Ok Matthew, I do feel free...But I must say you do have an uncanny resemblance of Rip Taylor. Its spooky. Therefore you cannot be right.  jk

1) psalm 51 only speaks of David's lament over his bent towards sin. Inherited from Adam. If you are deducing the propogation of sin as traducian, I can see why you take this course. But the woman plays no role in the propogation of this sin. Gen 5:3 is very clear on this: 3And Adam lived an hundred and thirty years, and begat a son *in his own likeness, and after his image*; and called his name Seth: Seth's nature, corruption did not come from Eve. This is also why Christ did not inherit a corrupted nature. No earthly Father. Ihereited sin is therefore directly from Adam where eve did not have any active role in this transferance. 
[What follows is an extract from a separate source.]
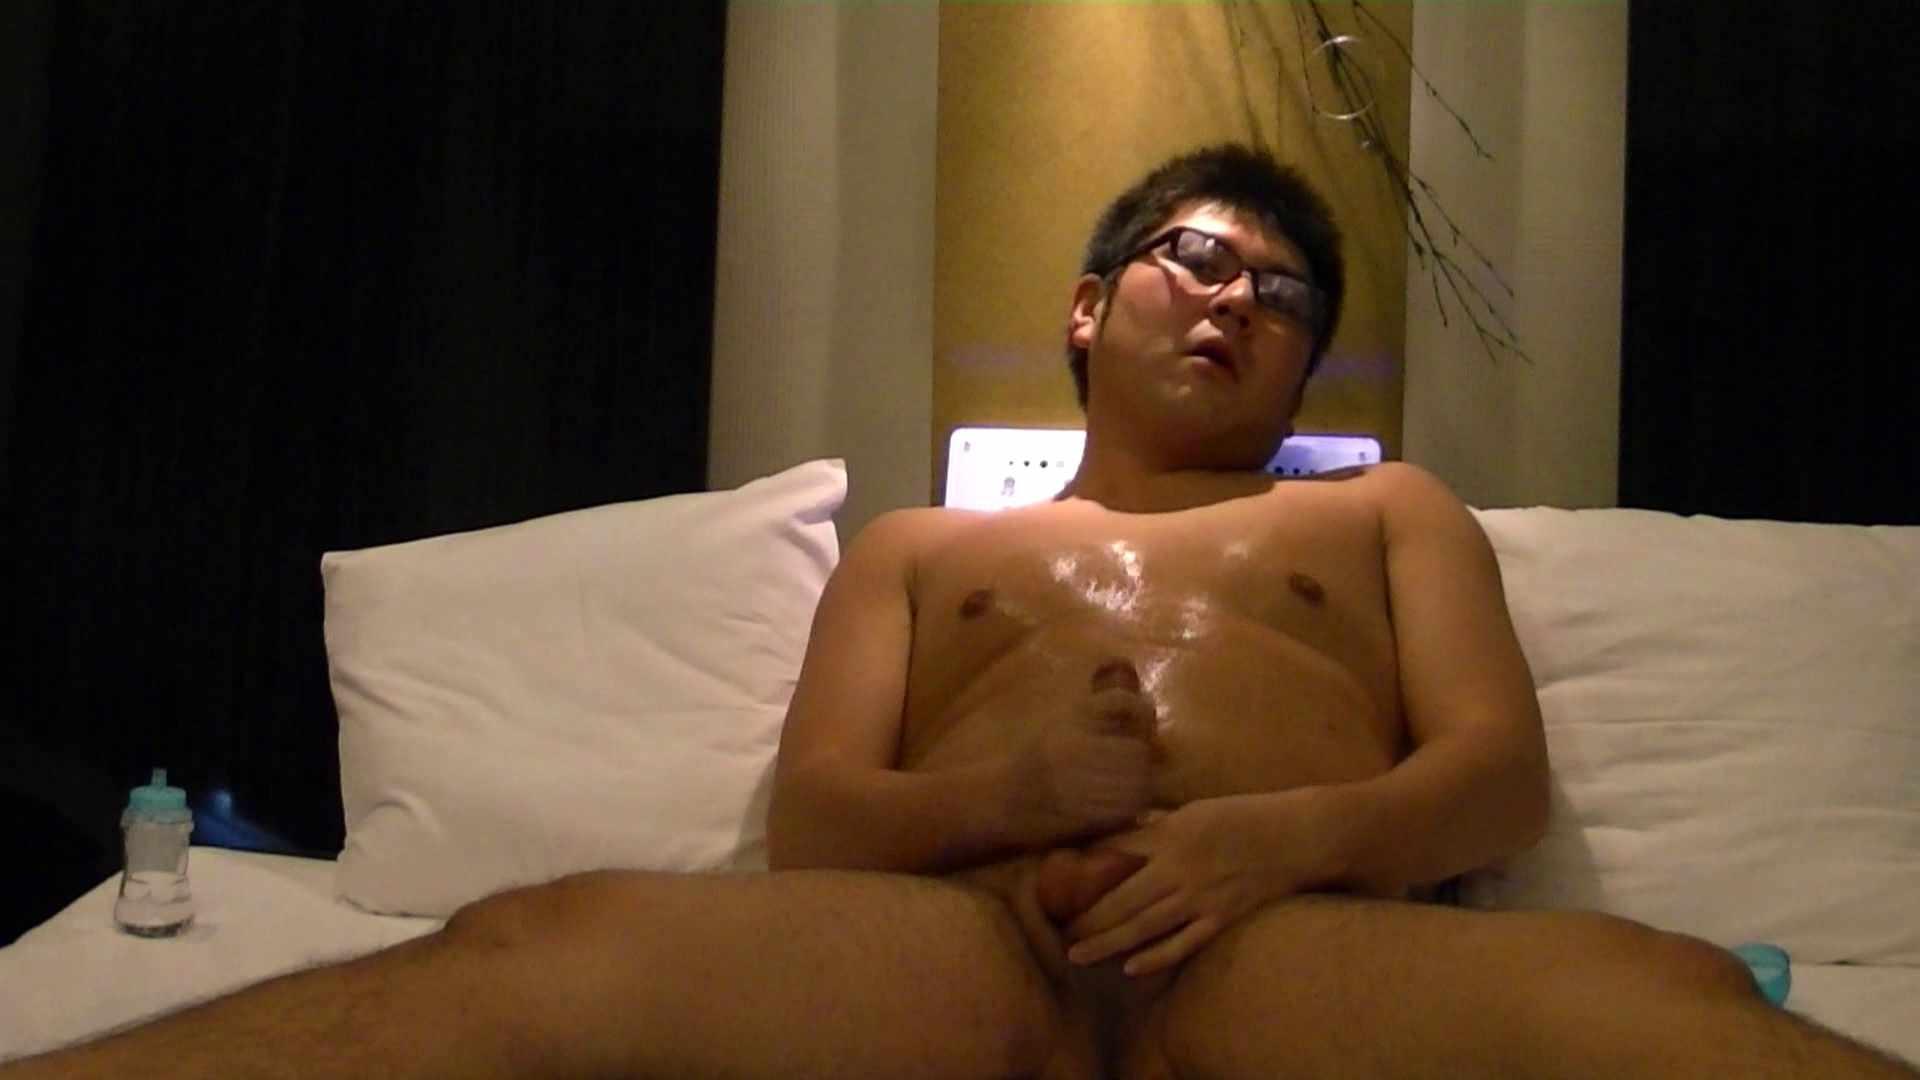 Mr.オナックスさん投稿!HD 貴方のオナニー三万円で撮影させてください。VOL.03 後編 完全無修正でお届け | オナニー特集  83pic 22
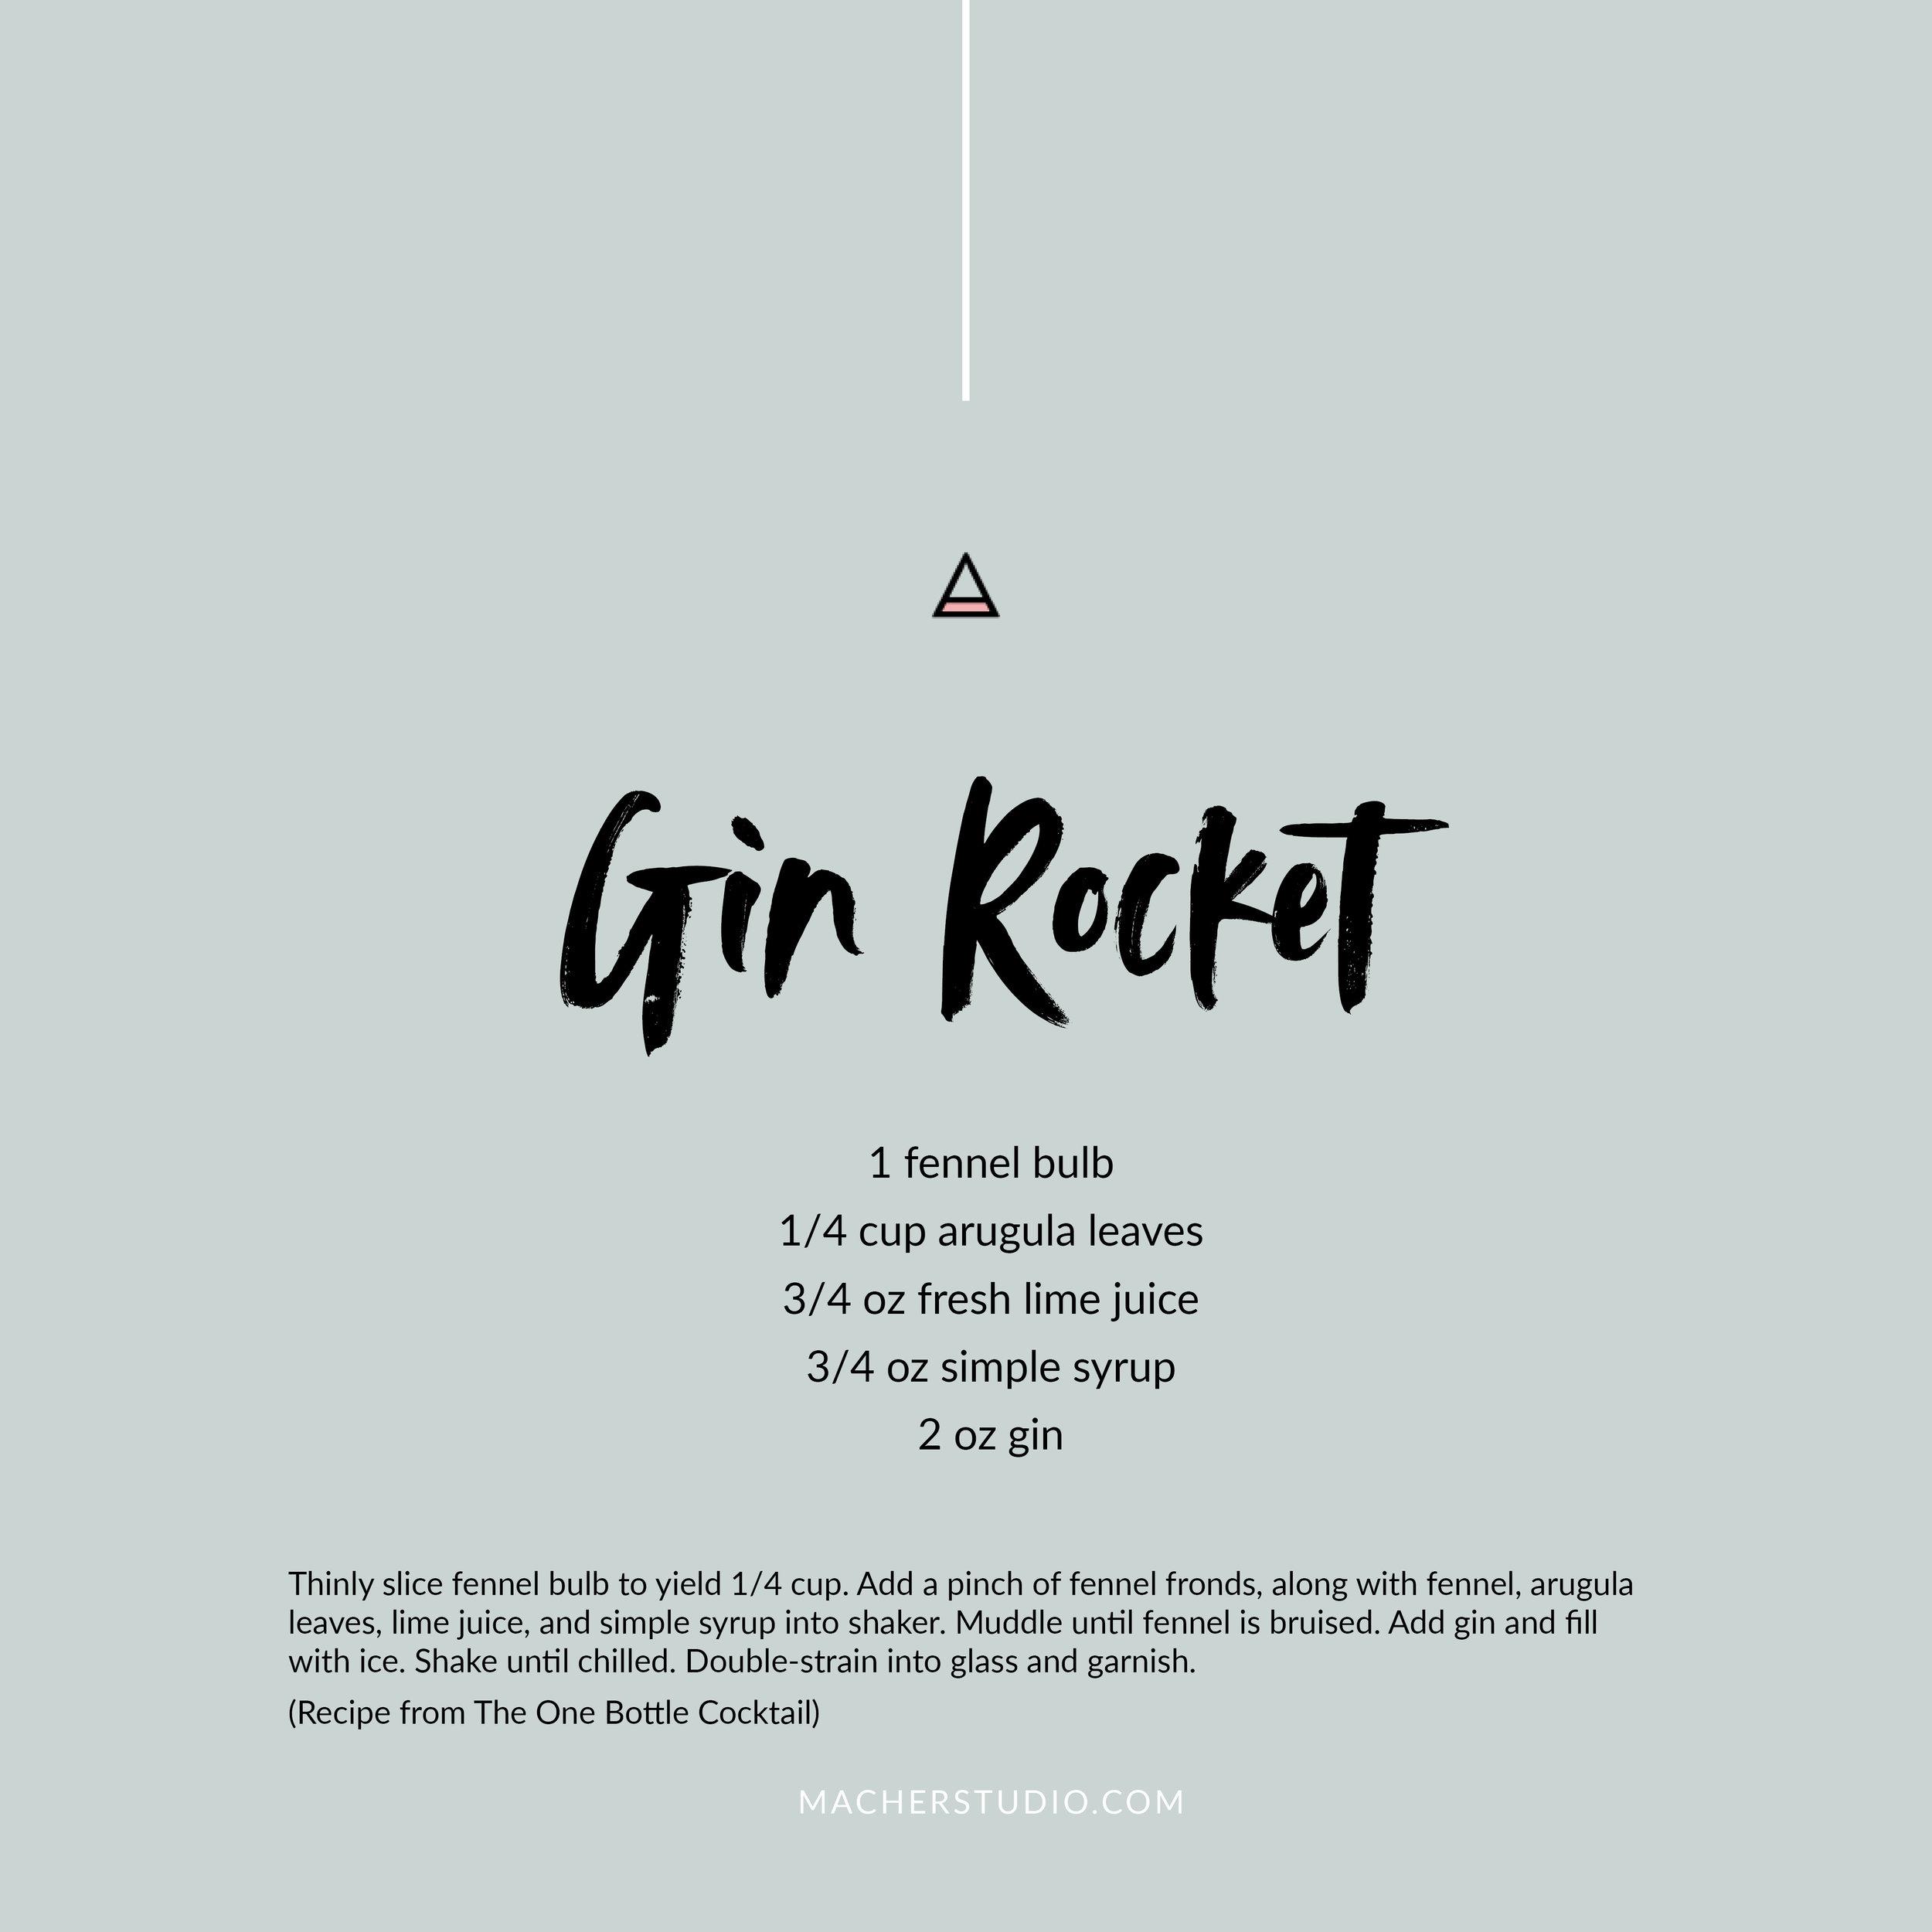 Macher_Backwards_Gin-Rocket.jpg

Psa 51:5 Behold, I was shapen in iniquity; and in sin did my mother conceive me

Shapen and conceive are 2 words that basically mean the same thing. To be brought forth. 

The BC states:

"We believe that through the disobedience of Adam original sin is extended to all mankind; which is a corruption of the whole nature and a hereditary disease, wherewith even infants in their mother's womb are infected, and which produces in man all sorts of sin, being in him as a root thereof, and therefore is so vile and abominable in the sight of God that it is sufficient to condemn all mankind."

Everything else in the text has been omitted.